Data extract below:

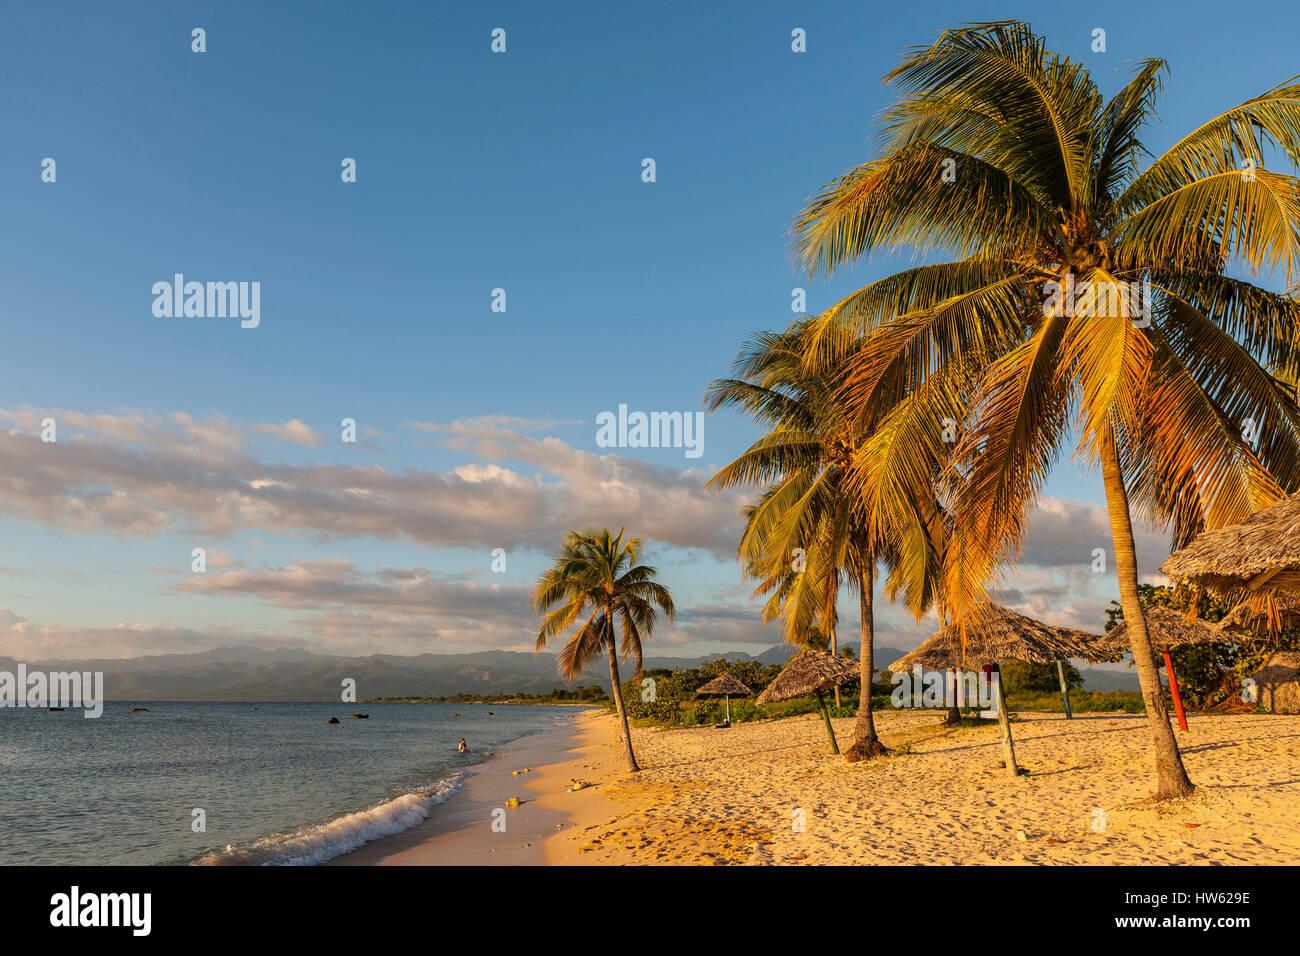 Cuba, Sancti Spiritus province, Trinidad de Cuba, palm Playa Ancon - Stock Image
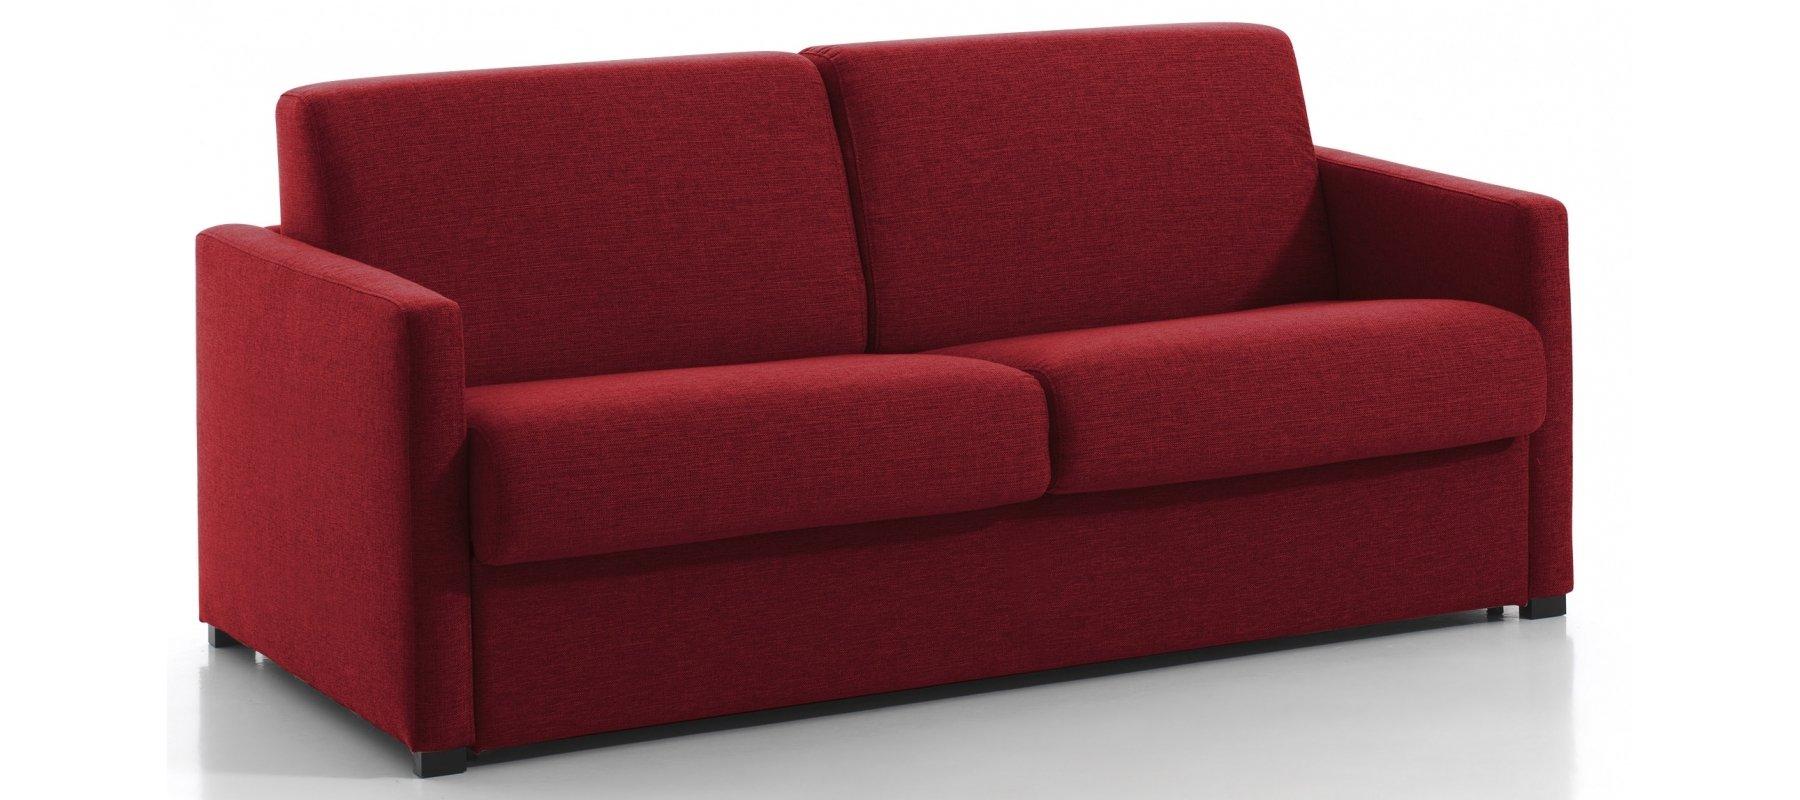 canap convertible 4 places rapido metz couchage quotidien 160 cm. Black Bedroom Furniture Sets. Home Design Ideas
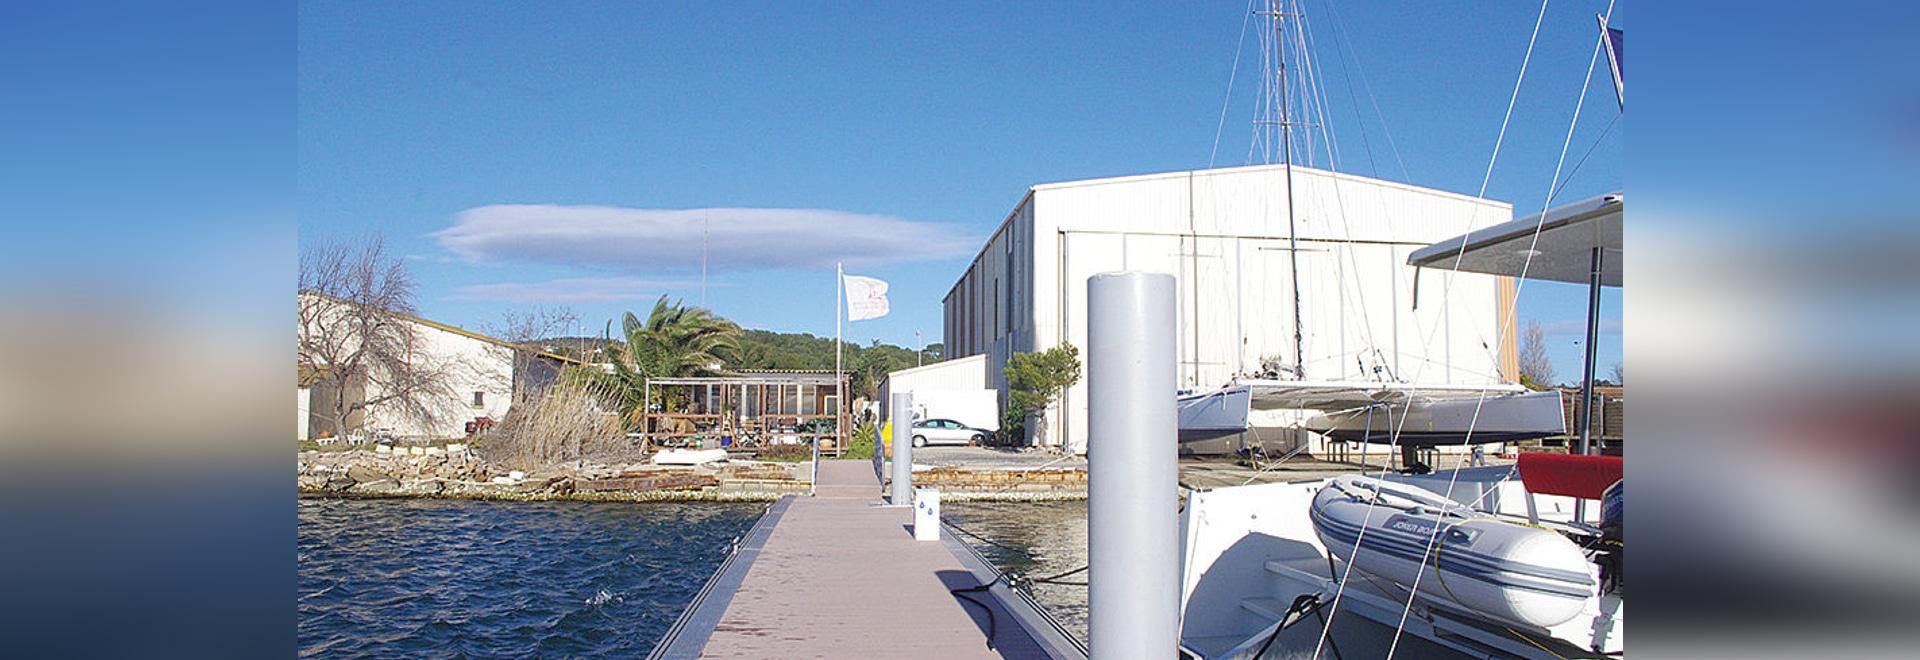 En visite au chantier Swiss Catamaran

End of Data extract.

Exercise description: Output the full listing verbatim; pictures stay out.

Output below:
 Cuba, Sancti Spiritus province, Trinidad de Cuba, palm Playa Ancon - Stock Image
 canap convertible 4 places rapido metz couchage quotidien 160 cm. Black Bedroom Furniture Sets. Home Design Ideas
 En visite au chantier Swiss Catamaran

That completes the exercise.